In particular, resilience engineering researchers study how people are able to cope effectively with complexity to ensure safe system operation, especially when they are experiencing time pressure.[5] Under the resilience engineering paradigm, accidents are not attributable to human error. Instead, the assumption is that humans working in a system are always faced with goal conflicts, and limited resources, requiring them to constantly make trade-offs while under time pressure. When failures happen, they are understood as being due to the system temporarily being unable to cope with complexity.[6] Hence, resilience engineering is related to other perspectives in safety that have reassessed the nature of human error, such as the "new look",[7] the "new view",[8] "safety differently",[9] and Safety-II.[10]

Resilience engineering researchers ask questions such as:

  • What can organizations do in order to be better prepared to handle unforeseeable challenges?
  • How do organizations adapt their structure and behavior to cope effectively when faced with an unforeseen challenge?

Because incidents often involve unforeseen challenges, resilience engineering researchers often use incident analysis as a research method.[3][2]

  1. ^ a b Woods, D.D. (2018). "Resilience is a Verb" (PDF).
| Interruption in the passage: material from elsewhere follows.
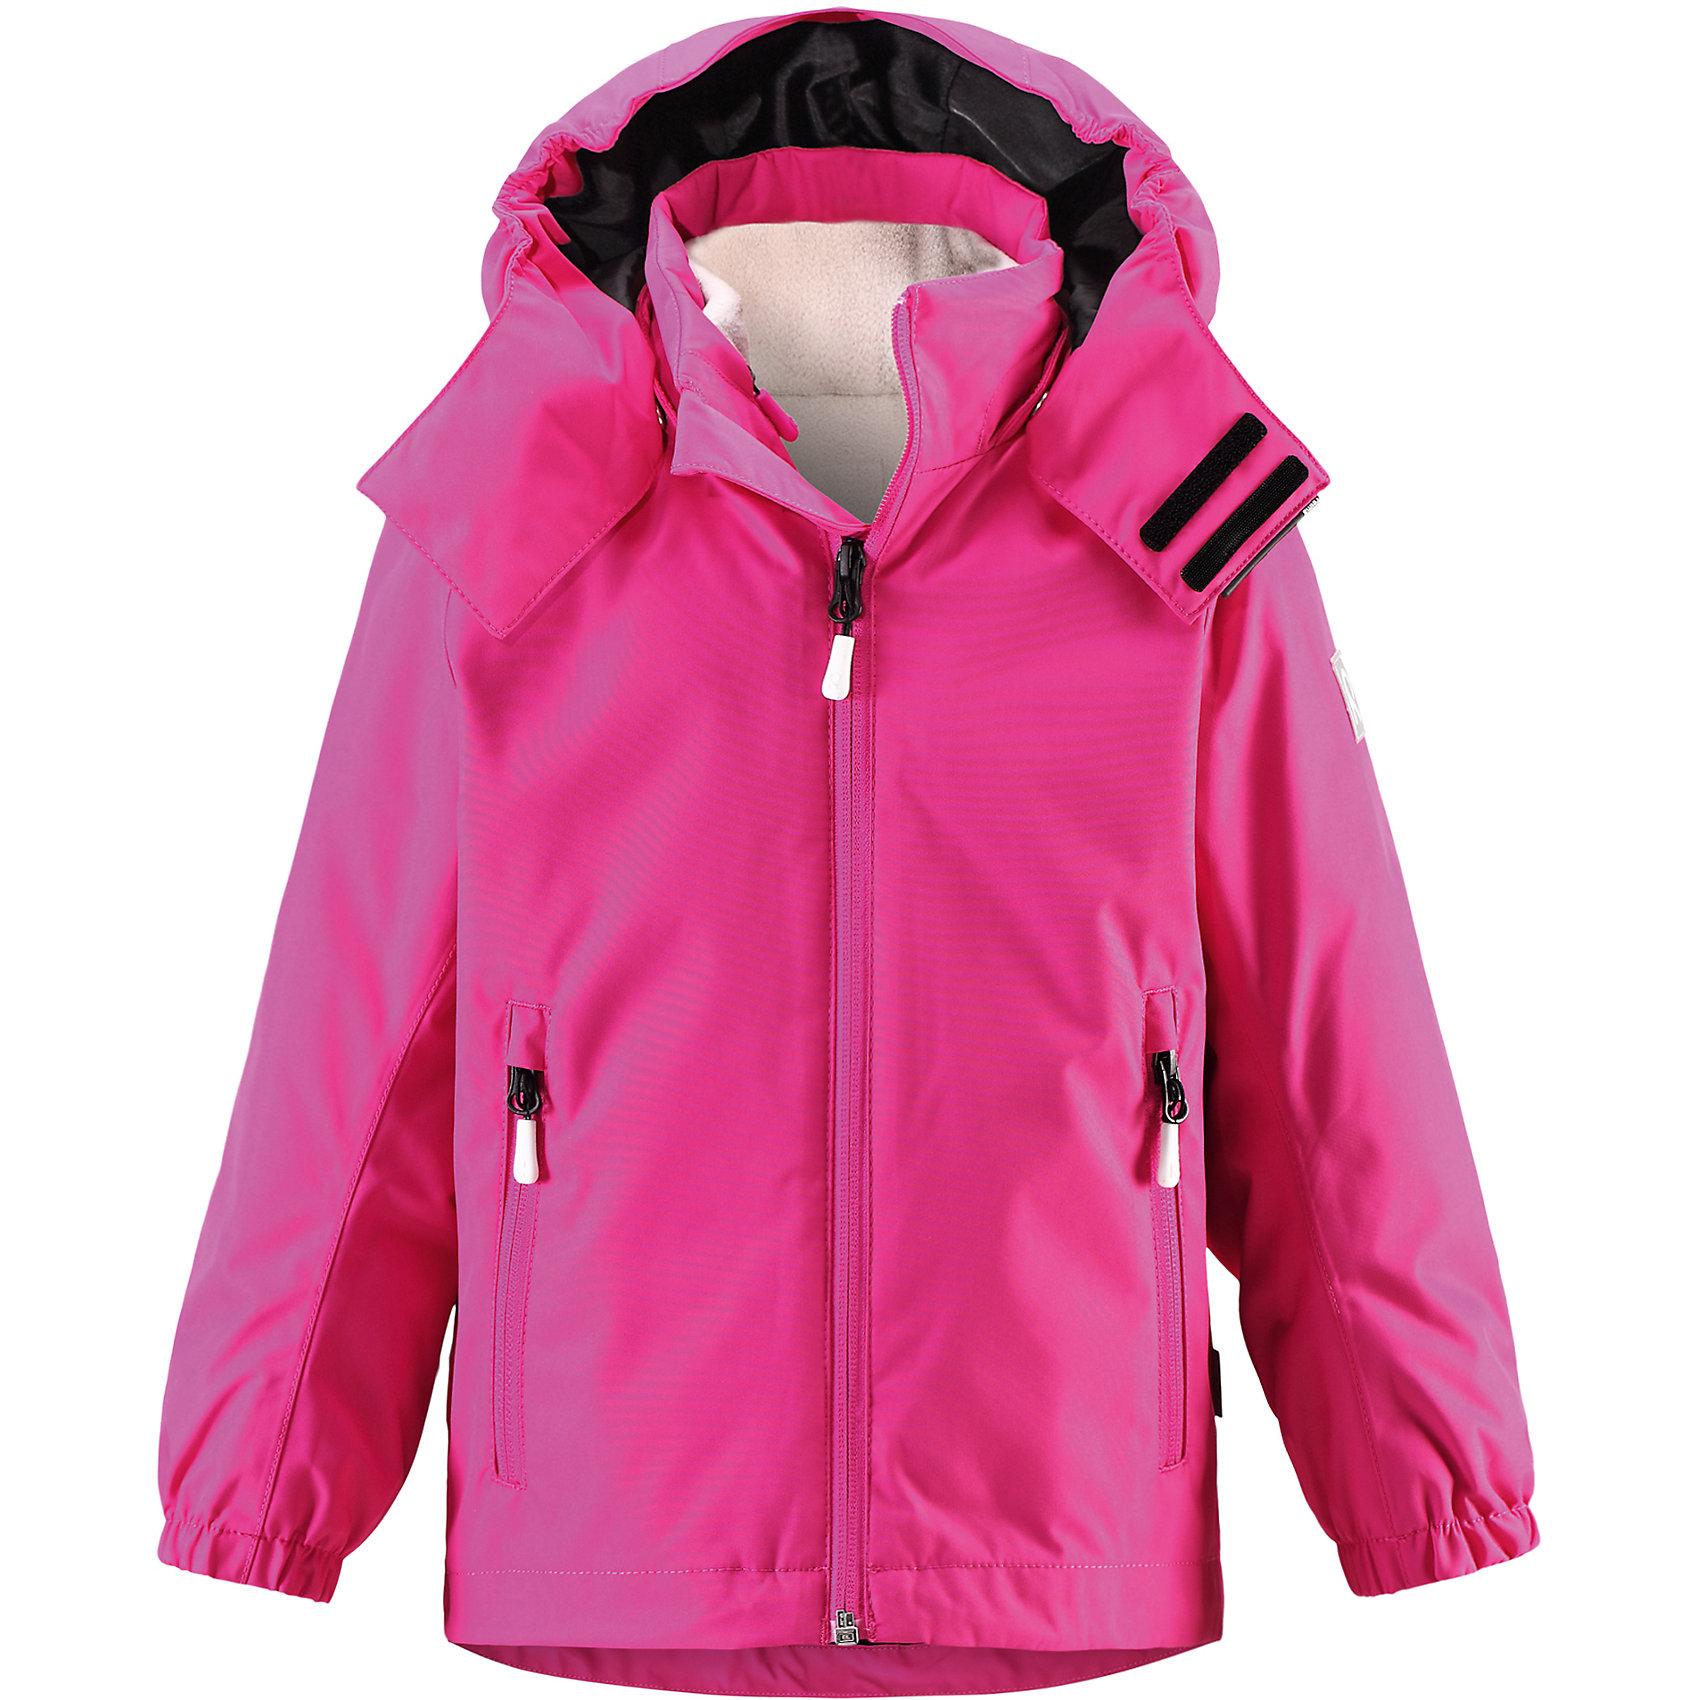 Куртка Roundtrip  Reimatec® ReimaОдежда<br>Характеристики товара:<br><br>• цвет: розовый<br>• состав: 100% полиэстер, полиуретановое покрытие<br>• температурный режим: -15° до +5° градусов<br>• внутренняя флисовая куртка<br>• водонепроницаемая мембрана: от 10000 мм<br>• основные швы проклеены<br>• съёмный капюшон<br>• молния<br>• светоотражающие детали<br>• «дышащий» материал<br>• ветро- водо- и грязеотталкивающий материал<br>• кнопки Reima® Play Layers <br>• карманы<br>• комфортная посадка<br>• страна производства: Китай<br>• страна бренда: Финляндия<br><br>Верхняя одежда для детей может быть модной и комфортной одновременно! Эти зимняя куртка поможет обеспечить ребенку комфорт и тепло. Она отлично смотрится с различной одеждой и обувью. Изделие удобно сидит и модно выглядит. Стильный дизайн разрабатывался специально для детей. Отличный вариант для активного отдыха зимой!<br><br>Одежда и обувь от финского бренда Reima пользуется популярностью во многих странах. Эти изделия стильные, качественные и удобные. Для производства продукции используются только безопасные, проверенные материалы и фурнитура. Порадуйте ребенка модными и красивыми вещами от Reima! <br><br>Куртку Roundtrip от финского бренда Reimatec® Reima (Рейма) можно купить в нашем интернет-магазине.<br><br>Ширина мм: 356<br>Глубина мм: 10<br>Высота мм: 245<br>Вес г: 519<br>Цвет: розовый<br>Возраст от месяцев: 60<br>Возраст до месяцев: 72<br>Пол: Унисекс<br>Возраст: Детский<br>Размер: 116,128,122,110,104,134,140<br>SKU: 5415475

In Trump, B.D.; Florin, M.-V.; Linkov, I (eds.). IRGC resource guide on resilience (vol. 2): Domains of resilience for complex interconnected systems. Lausanne, CH: EPFL International Risk Governance Center.
  2. ^ a b Pariès, Jean (15 May 2017). Resilience Engineering in Practice. CRC Press. ISBN 978-1-317-06525-8. OCLC 1151009227.
  3. ^ a b Hollnagel, Erik; Christopher P. Nemeth; Sidney Dekker, eds. (2019). Resilience engineering perspectives. Vol. 2: Preparation and Restoration. CRC Press. ISBN 978-0-367-38540-8. OCLC 1105725342.
  4. ^ Woods, D.D. (2017). STELLA: Report from the SNAFUcatchers Workshop on Coping With Complexity. Columbus, OH: Ohio State University.
  5. ^ Dekker, Sidney (2019). Foundations of safety science: a century of understanding accidents and disasters. Boca Raton. ISBN 978-1-351-05977-0. OCLC 1091899791.{{cite book}}: CS1 maint: location missing publisher (link)
  6. ^ (David), Woods, D. (2017). Resilience Engineering: Concepts and Precepts. CRC Press. ISBN 978-1-317-06528-9. OCLC 1011232533.{{cite book}}: CS1 maint: multiple names: authors list (link)
  7. ^ Woods, David D.; Sidney Dekker; Richard Cook; Leila Johannesen (2017). Behind human error (2nd ed.). Boca Raton. ISBN 978-1-317-17553-7. OCLC 1004974951.{{cite book}}: CS1 maint: location missing publisher (link)
  8. ^ Dekker, Sidney W. A. (2002-10-01). "Reconstructing human contributions to accidents: the new view on error and performance". Journal of Safety Research. 33 (3): 371–385. doi:10.1016/S0022-4375(02)00032-4. ISSN 0022-4375. PMID 12404999. S2CID 46350729.
  9. ^ Dekker, Sidney (2015). Safety differently : human factors for a new era (Second ed.). Boca Raton, FL. ISBN 978-1-4822-4200-3. OCLC 881430177.{{cite book}}: CS1 maint: location missing publisher (link)
  10. ^ Hollnagel, Erik (2014). Safety-I and safety-II: the past and future of safety management. Farnham. ISBN 978-1-4724-2306-1. OCLC 875819877.{{cite book}}: CS1 maint: location missing publisher (link)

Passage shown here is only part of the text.